:: Your task ::
Word for word, print out all of the data, omitting every image.

:: Data shown ::
==*==

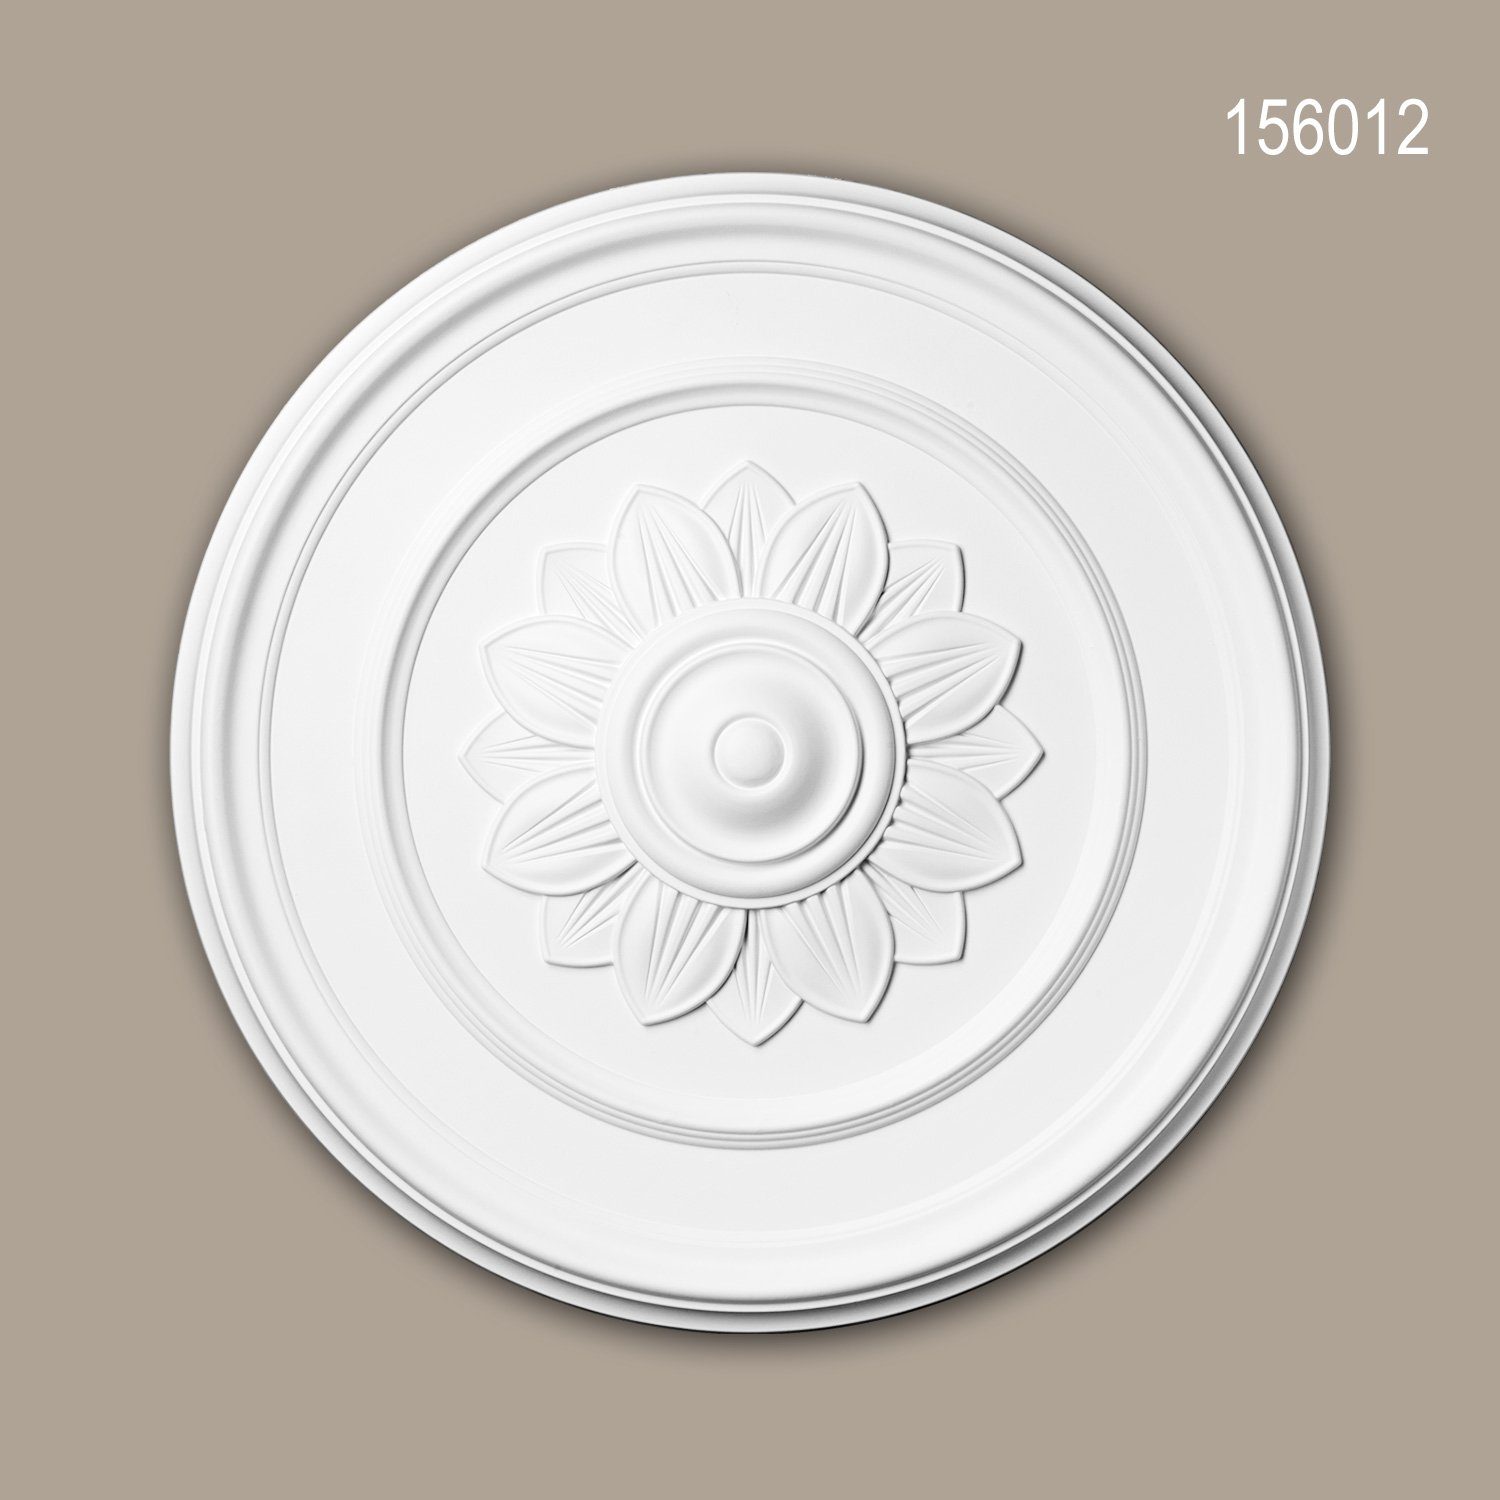 Profhome Decken-Rosette 156012 (Rosette, 1 St., Deckenrosette, Medallion, Stuckrosette, Deckenelement, Zierelement, Durchmesser 53,3 cm), weiß, vorgrundiert, Stil: Jugendstil
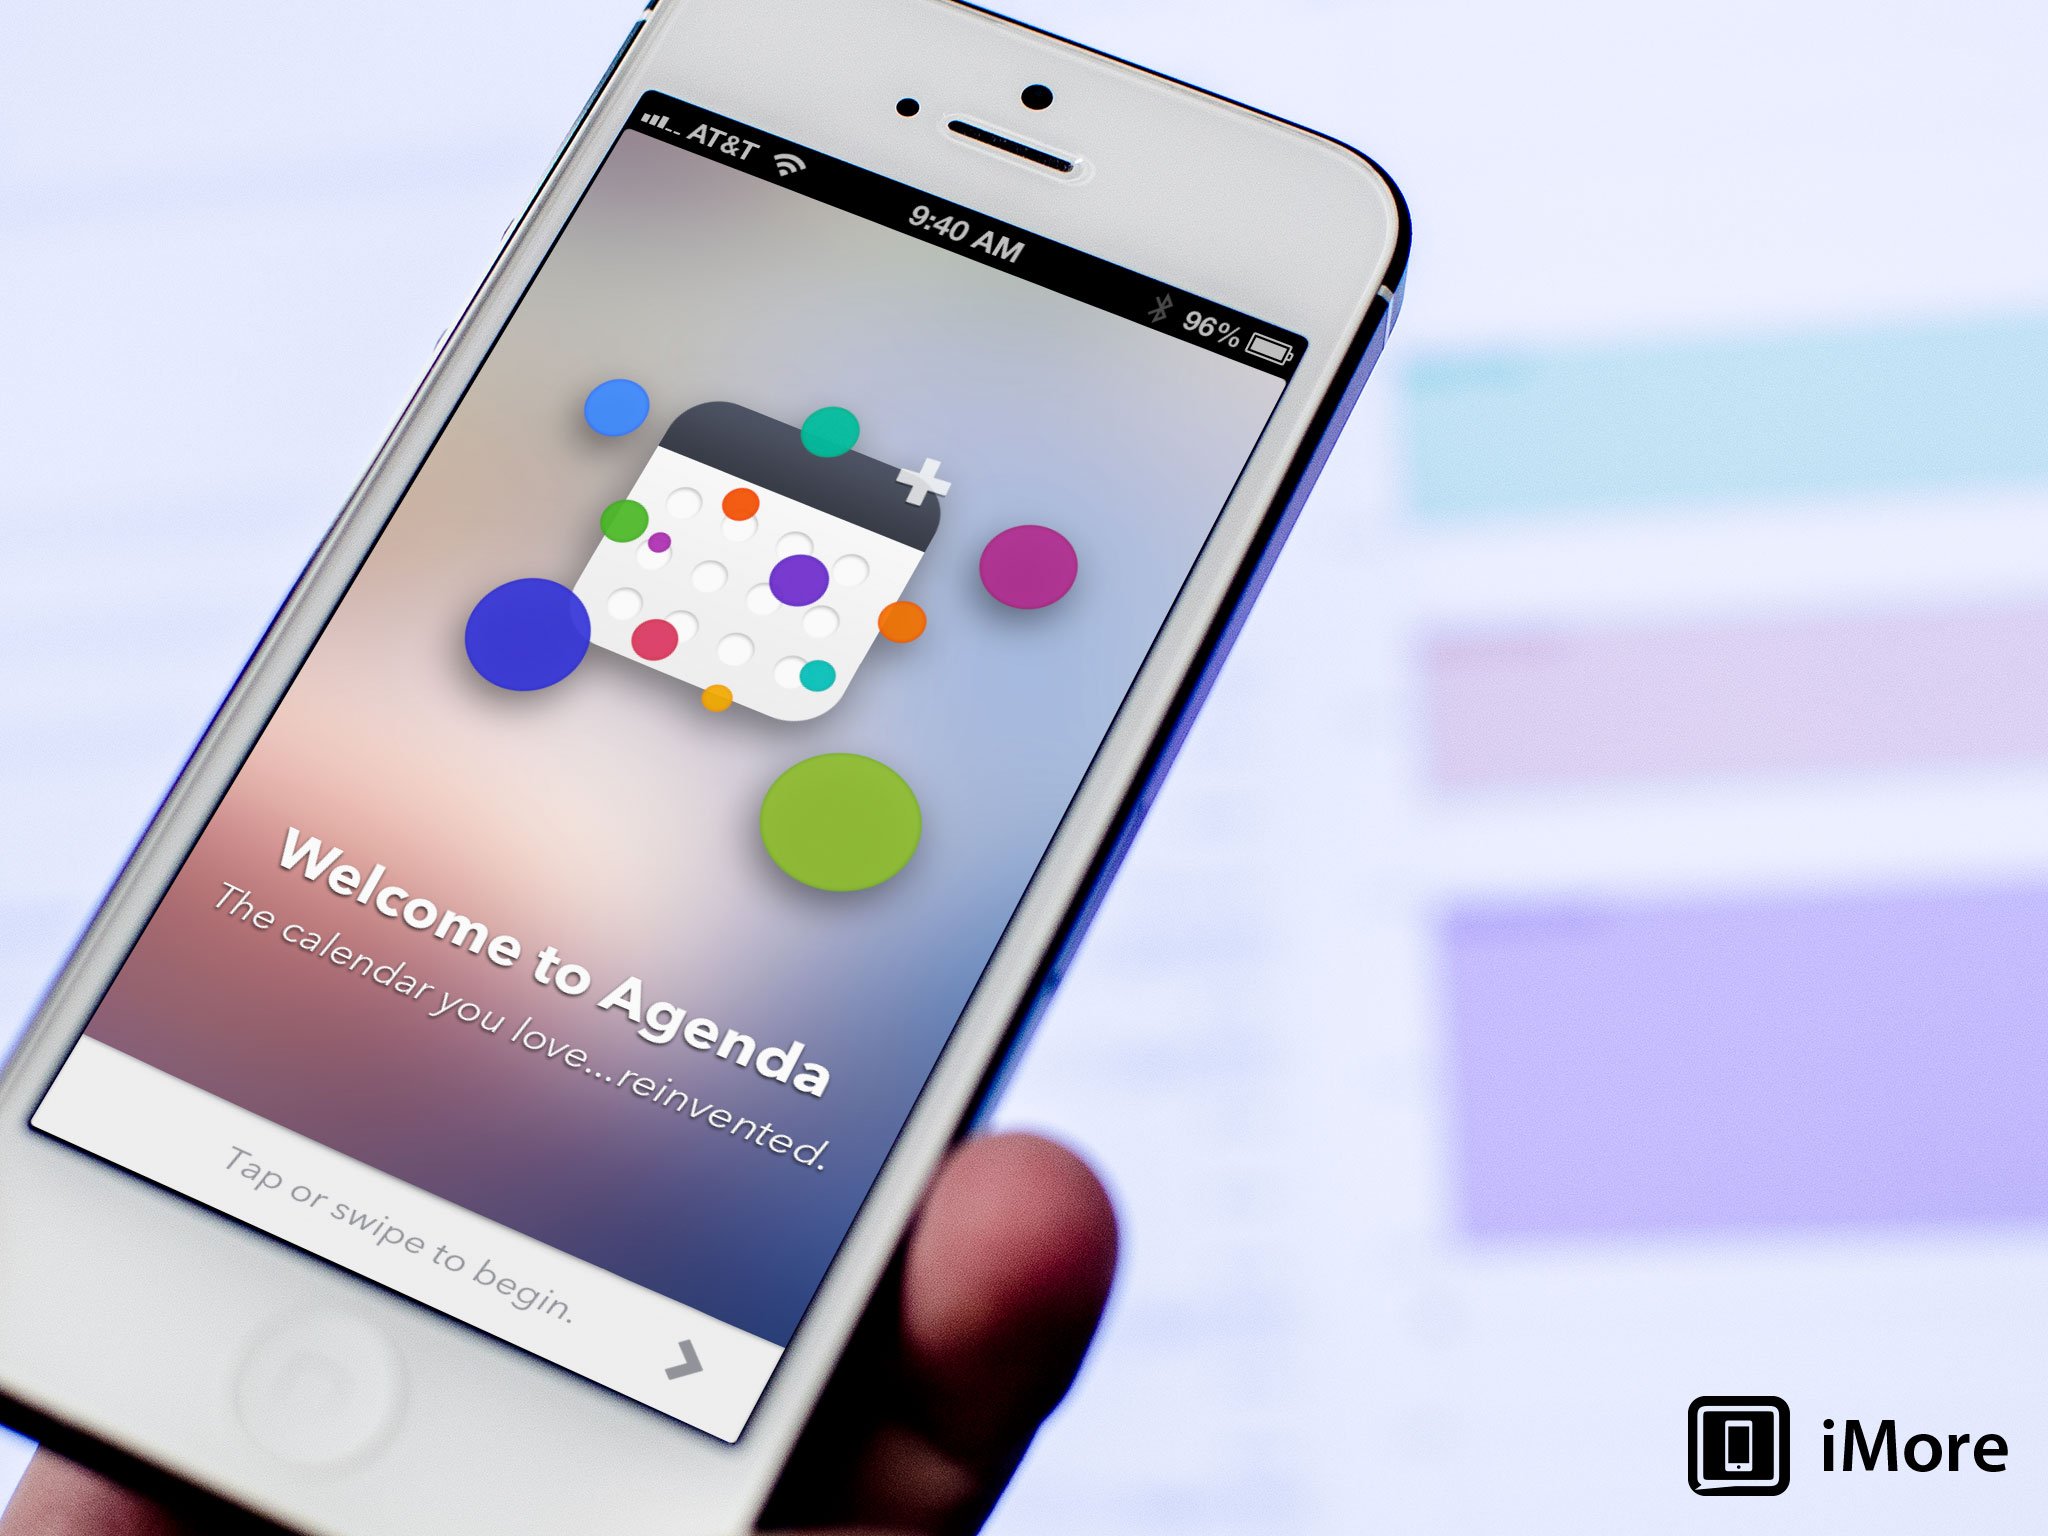 Agenda Calendar 4 for iPhone review: One of the best alternative calendar apps just got better
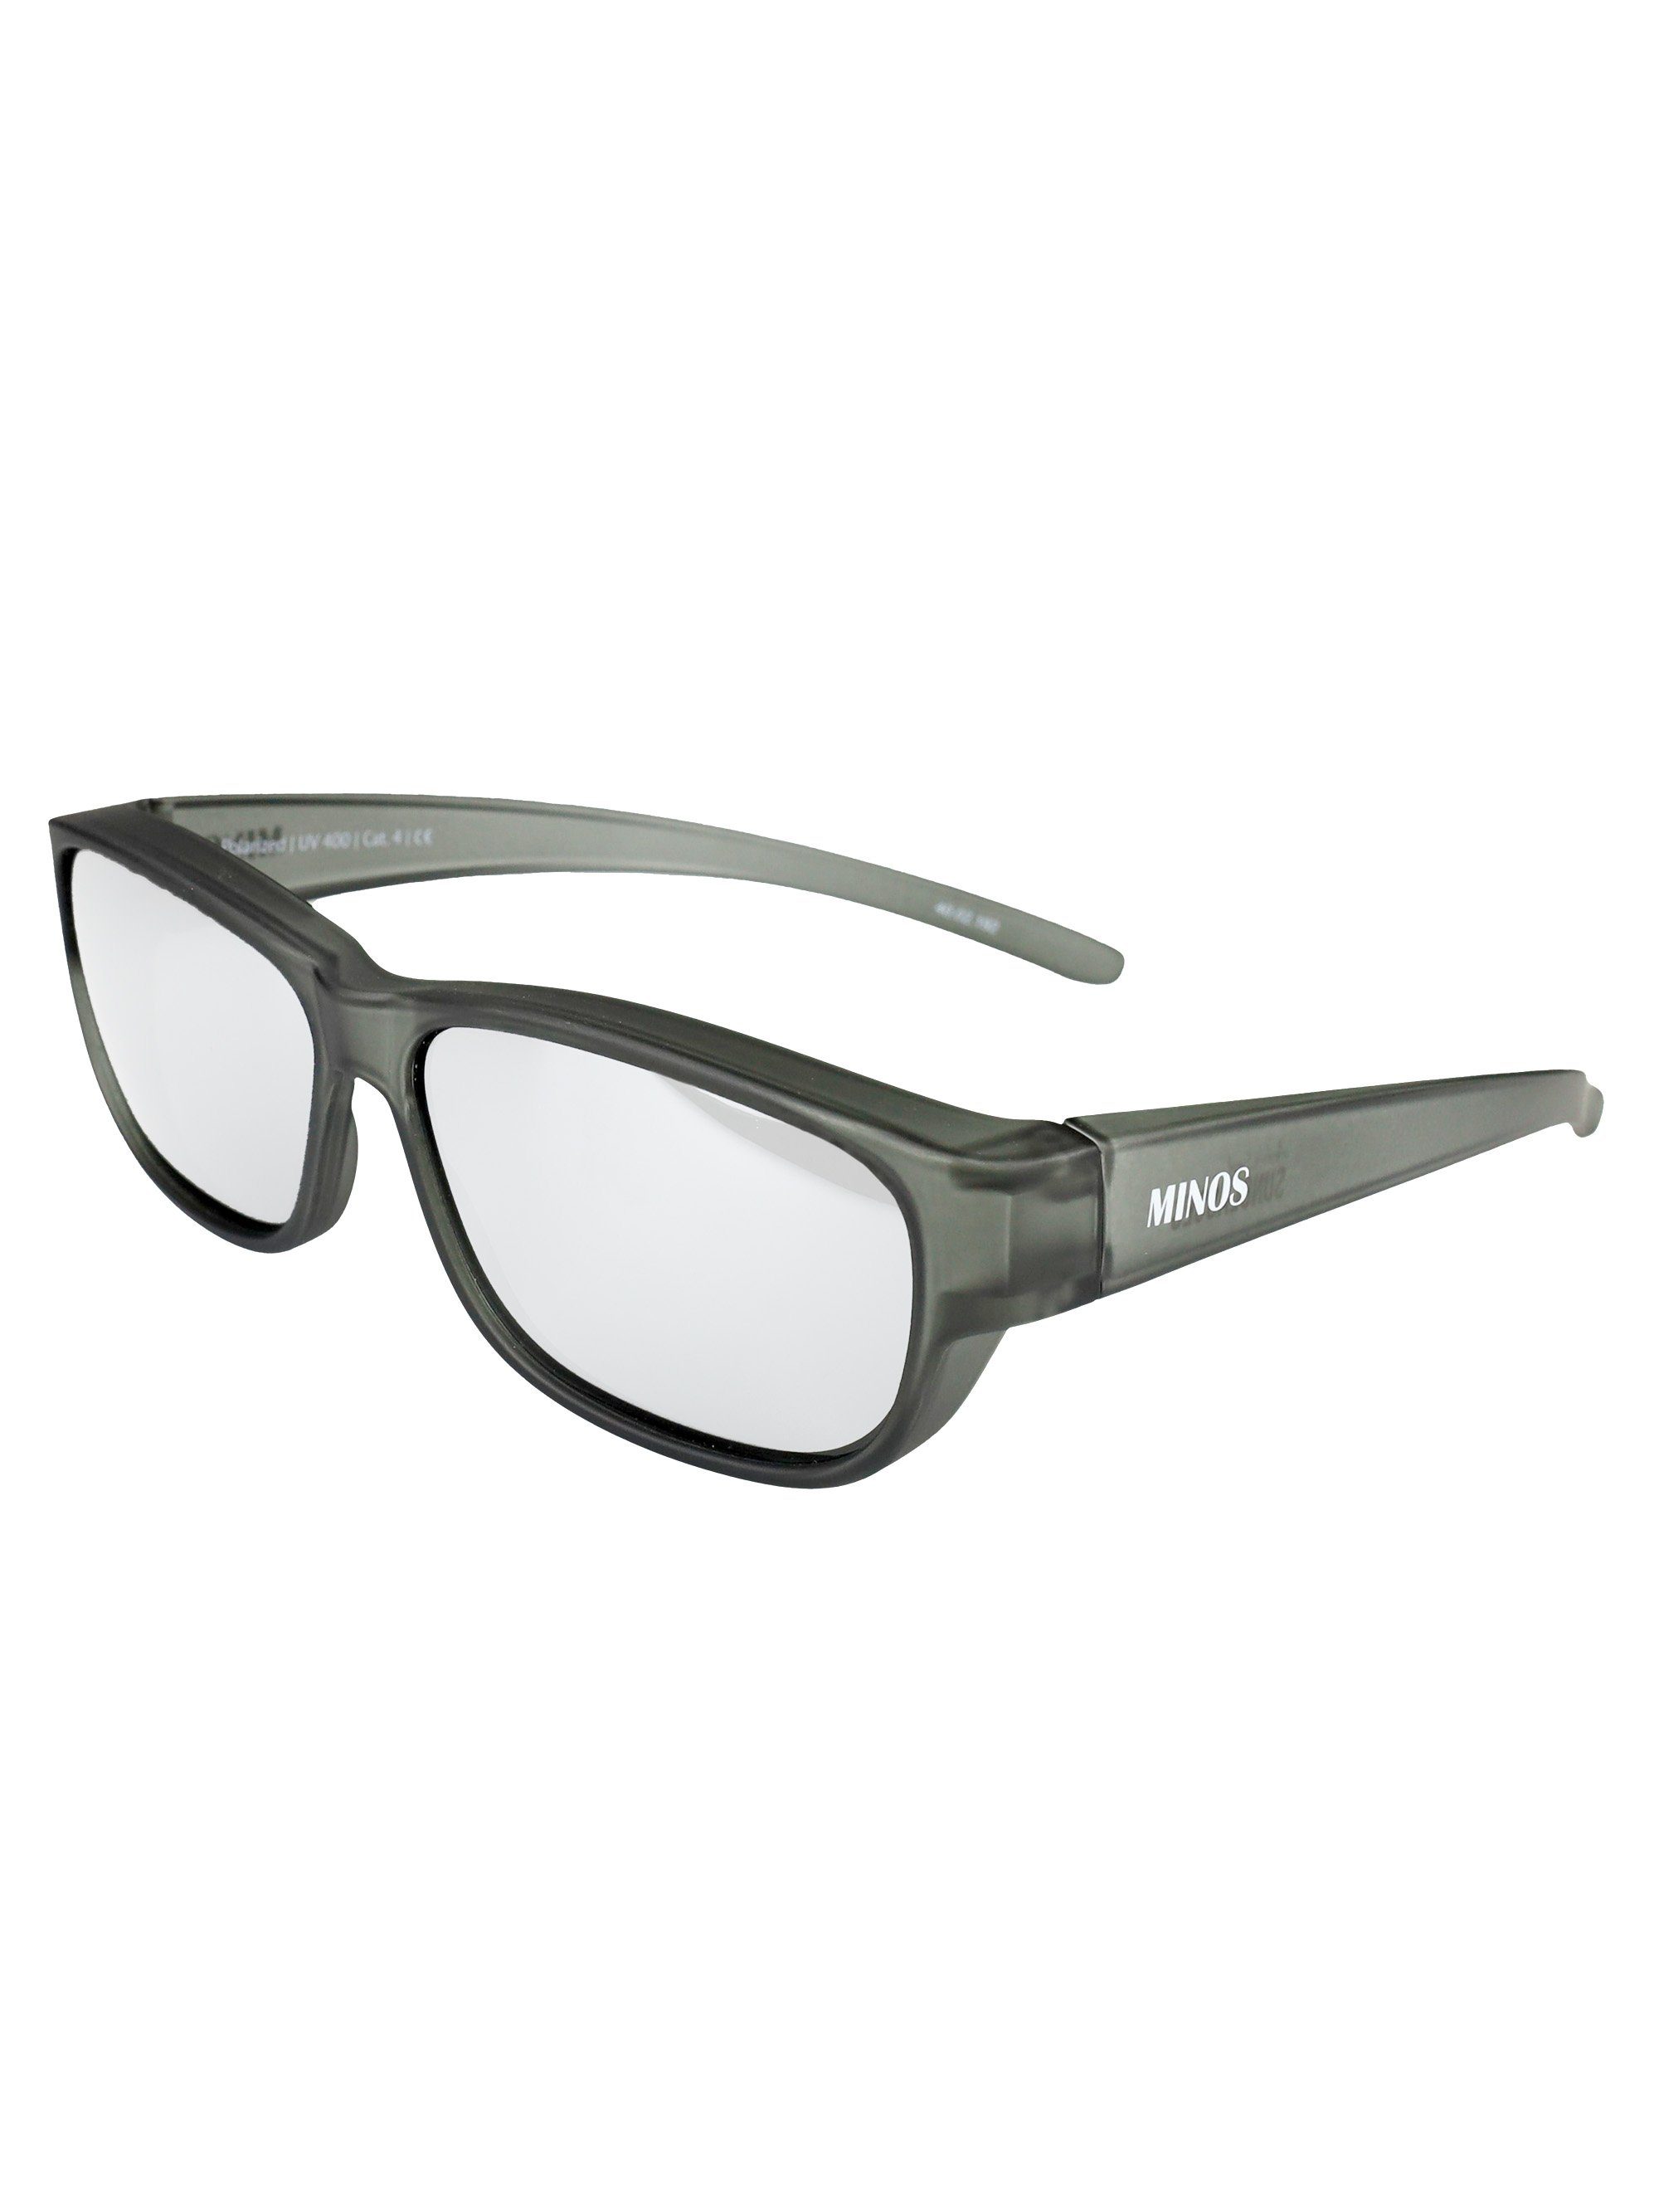 ActiveSol SUNGLASSES Sonnenbrille Überziehsonnenbrille Minos (inklusive Schiebebox und Brillenputztuch) schwarz verspiegelt

==*==

:: Exercise solution ::
 Profhome Decken-Rosette 156012 (Rosette, 1 St., Deckenrosette, Medallion, Stuckrosette, Deckenelement, Zierelement, Durchmesser 53,3 cm), weiß, vorgrundiert, Stil: Jugendstil
 Agenda Calendar 4 for iPhone review: One of the best alternative calendar apps just got better
 ActiveSol SUNGLASSES Sonnenbrille Überziehsonnenbrille Minos (inklusive Schiebebox und Brillenputztuch) schwarz verspiegelt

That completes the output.